Fortunately, you can still reference datetime indexes by position. You can do so as follows, if you want to edit the first entry in the index.
df = pd.DataFrame(index = index, columns = ['Example'])
df.loc[datetime.datetime(2022, 1, 1, 0, 0, 0), 'Example'] = 2
print(df.loc[datetime.datetime(2022, 1, 1, 0, 0, 0), 'Example'])
Notice how that code does the exact same thing, except it provides the desired index value by calling the first value of the index. You don’t even need to know what the value there is, you just need to know that you want to work with the first one — or second, or third, or whatever value you want. You only need to update the call accordingly.
Daylight Saving Time in Python
Working with daylight saving time is one of the biggest pains in Python, and one that can cause very serious data analysis errors. Consider the example of comparing physical measurements to theoretical approximations. Now you have two data sets, and you want to make sure they say the same thing. What if one data set uses daylight saving time and the other doesn’t? Suddenly you’re comparing data sets that disagree by one hour.
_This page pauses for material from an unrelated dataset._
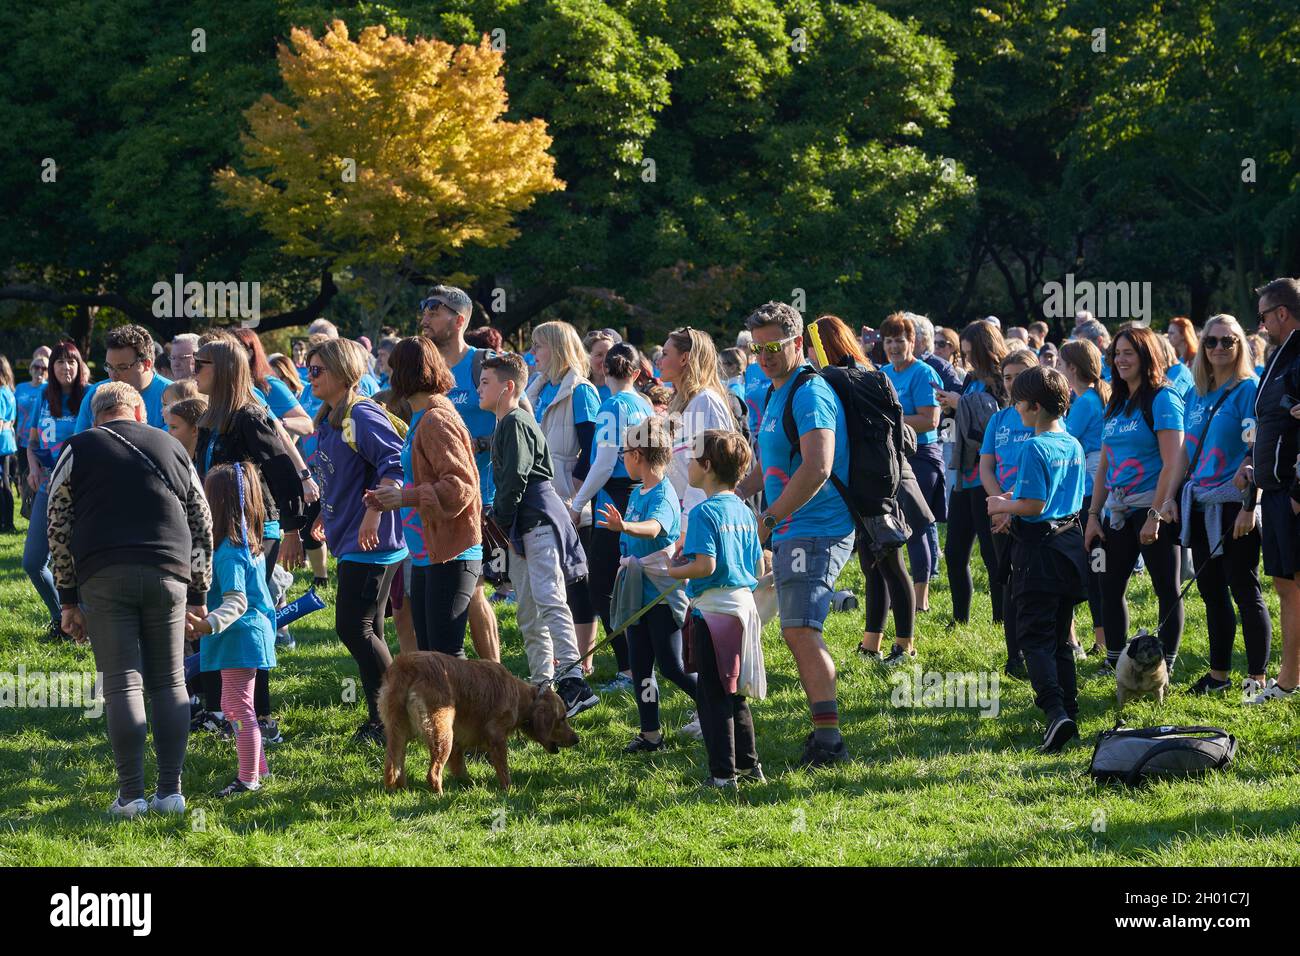 Wohltätigkeitswanderer bei einem Gedächtnisspaziergang im Bute Park, Cardiff, um Geld für die Erforschung der Alzheimer-Krankheit zu sammeln Stockfoto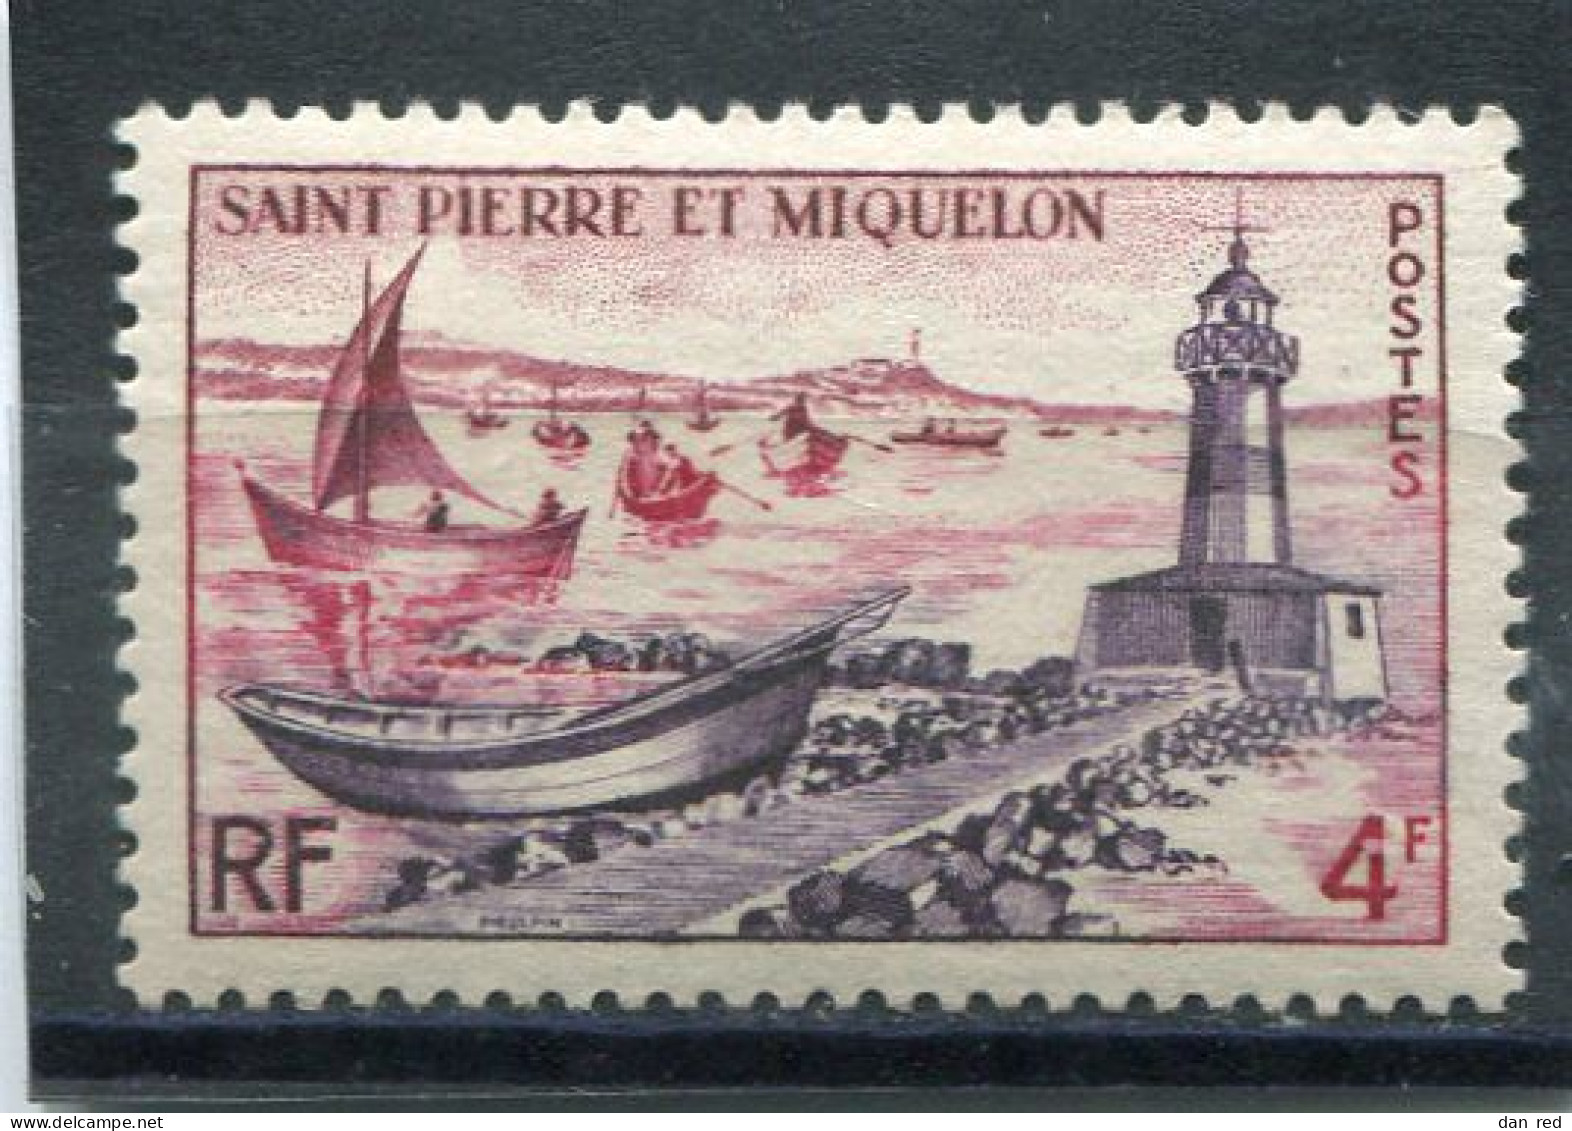 SAINT-PIERRE ET MIQUELON N° 356 ** (Y&T) (Neuf) - Unused Stamps

One way to resolve this issue is to remove one hour from the dataframe index with daylight saving time during the hours when daylight saving time occurs. To help with this, Pandas timestamps have a .dst()
method which returns the daylight saving time difference at any point. If the timestamp occurs during daylight saving time, it returns a datetime.timedelta
value of one hour. If the timestamp does not occur during daylight saving time, it returns a datetime.timedelta
value of zero hours. This enables us to identify timestamps that occur during daylight saving time and remove one hour from it accordingly.
Imagine that you have a dataframe with a datetime index that includes a daylight saving time offset. To remove daylight saving time you can iterate through the index, make the index time zone naive and remove one hour from the index. Unfortunately, indexes are immutable so you can’t edit them directly. What you can do is create an external list of values, add your updated index values to that list, and replace the index with that list at the end. That code would look like this:
temp = []
for ix in range(len(df.index)):
if df.index[ix].dst() == datetime.timedelta(hours = 1):
temp.append(df.index[ix].tz_localize(None) - datetime.timedelta(hours = 1))
else:
temp.append(df.index[ix].tz_localize(None))
df.index = temp
And there you have it. Now you know how to work with datetime objects, use them to form the indices of your Pandas dataframes and remove daylight saving time from your data sets.